The poor understanding of agricultural commodity market dynamics is also seen in the response to farmer distress though increases in crop MSPs. Who will buy at these prices, totally out of sync with market supply and demand conditions? How much can even government agencies, if at all, buy? To double farmers’ incomes, what we need is a new market intelligence-based framework for handling surpluses, besides a focus on reducing production costs that I shall illustrate through milk.
An adult cow requires about 750 grams of crude protein (CP) daily for its basic body maintenance and mobility. In addition, 100 grams is needed for every litre of milk produced. So, for 15 litres, the total CP requirement is 2,250 grams/day. One reason why milk production costs are high is that farmers now supply much of this CP requirement through costly compound cattle feed or de-oiled groundnut/mustard cake. So, they end up feeding only the animals already in milk, while giving the ones not producing — including the young calves — ordinary green fodder or straw and some de-oiled cake.

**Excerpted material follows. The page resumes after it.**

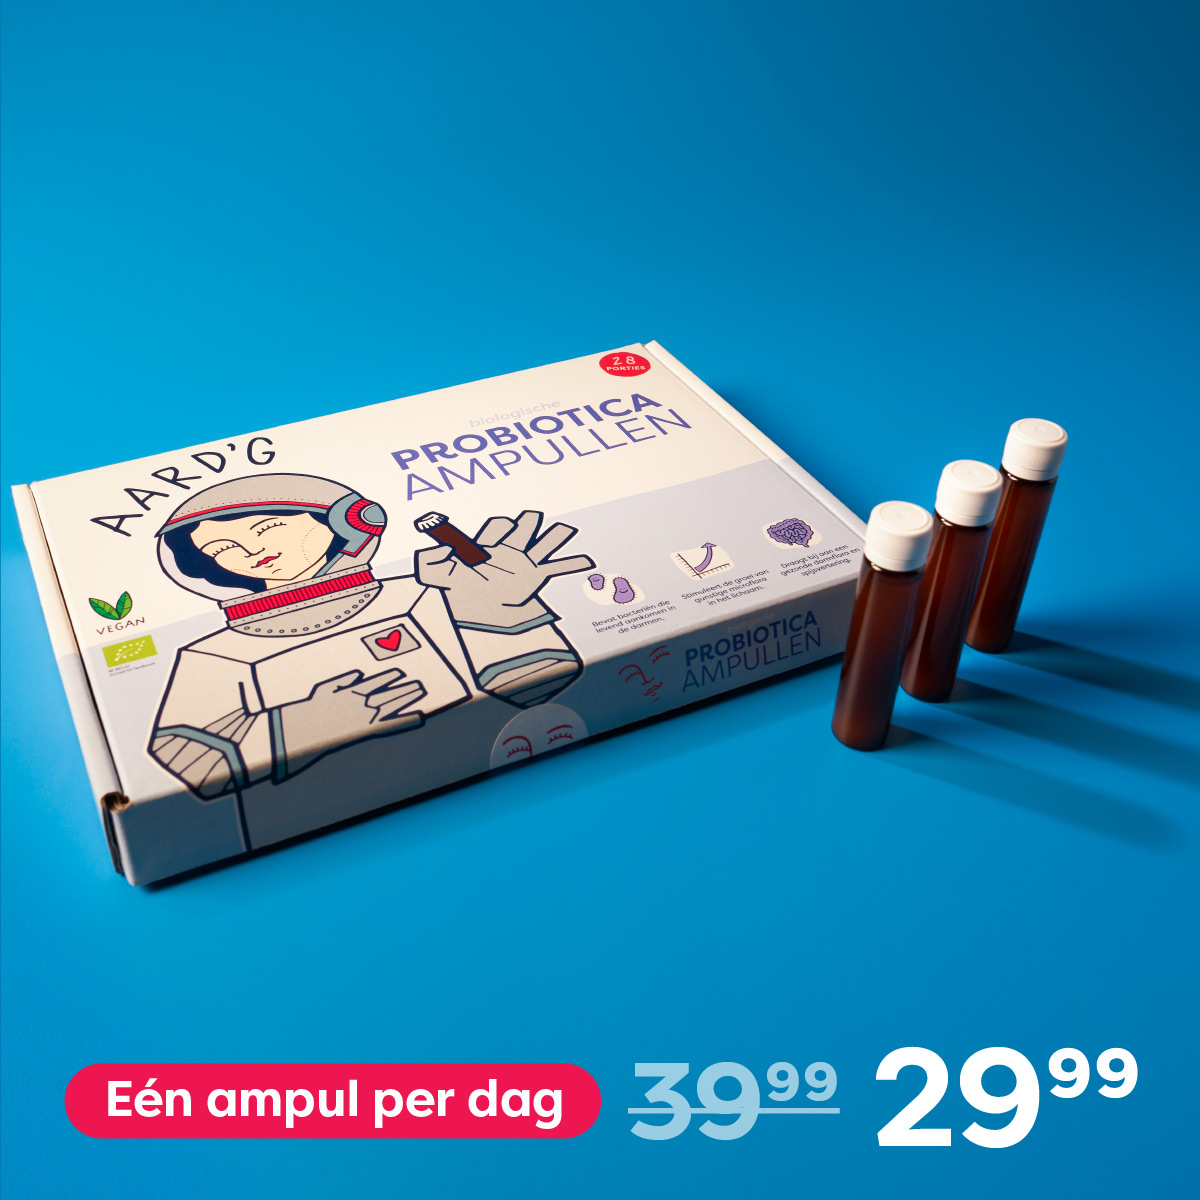 Probiotica Ampullen Abonnement (28x 9ml), één ampul per dag, prijs: 29,99 euro

My company has worked with the Tamil Nadu Agricultural University, Coimbatore to take up production of bajra-napier fodder grass hybrids such as Co-4 and Co-5, developed by its scientists, in farmers’ fields. We have shown that farmers can more than meet the 750-gram daily CP requirement for body maintenance-cum-mobility of animals simply by growing these high-yielding protein-rich hybrid grasses. They, then, need to purchase concentrate feeds and oilcakes only to give to cows during the lactation period. The cost savings due to farmers cultivating their own high-quality green fodder (reducing compound feed use) and deploying selective mechanisation (brush-cutters for harvesting and rain guns to lower water consumption) comes to over Rs 5 per litre. For a farmer keeping 30 cows and exclusively growing Co-5 fodder on five acres, the annual savings from sale of 250 litres daily on an average would be Rs 4.6 lakh. These savings are nothing but additional income.
Farmers’ incomes can similarly improve by cutting out the middleman. We were the first dairy to go beyond direct procurement of milk to making payments directly into farmers’ bank accounts — even before demonetisation happened. When farmers have money in their accounts, bankers start viewing them as creditworthy customers. They can now borrow at 10-12 per cent, as against 48-72 per cent charged by loan sharks.
Farmers should be made aware about the limitations of price increases and the potential to raise incomes through lowering production costs and disintermediation. But falling prices is something they cannot deal with; why will anyone invest in cost cutting technology if it does not even preserve, leave along boost, incomes? The onus lies on policymakers to shift gears from “managing shortages” to “handling surpluses”.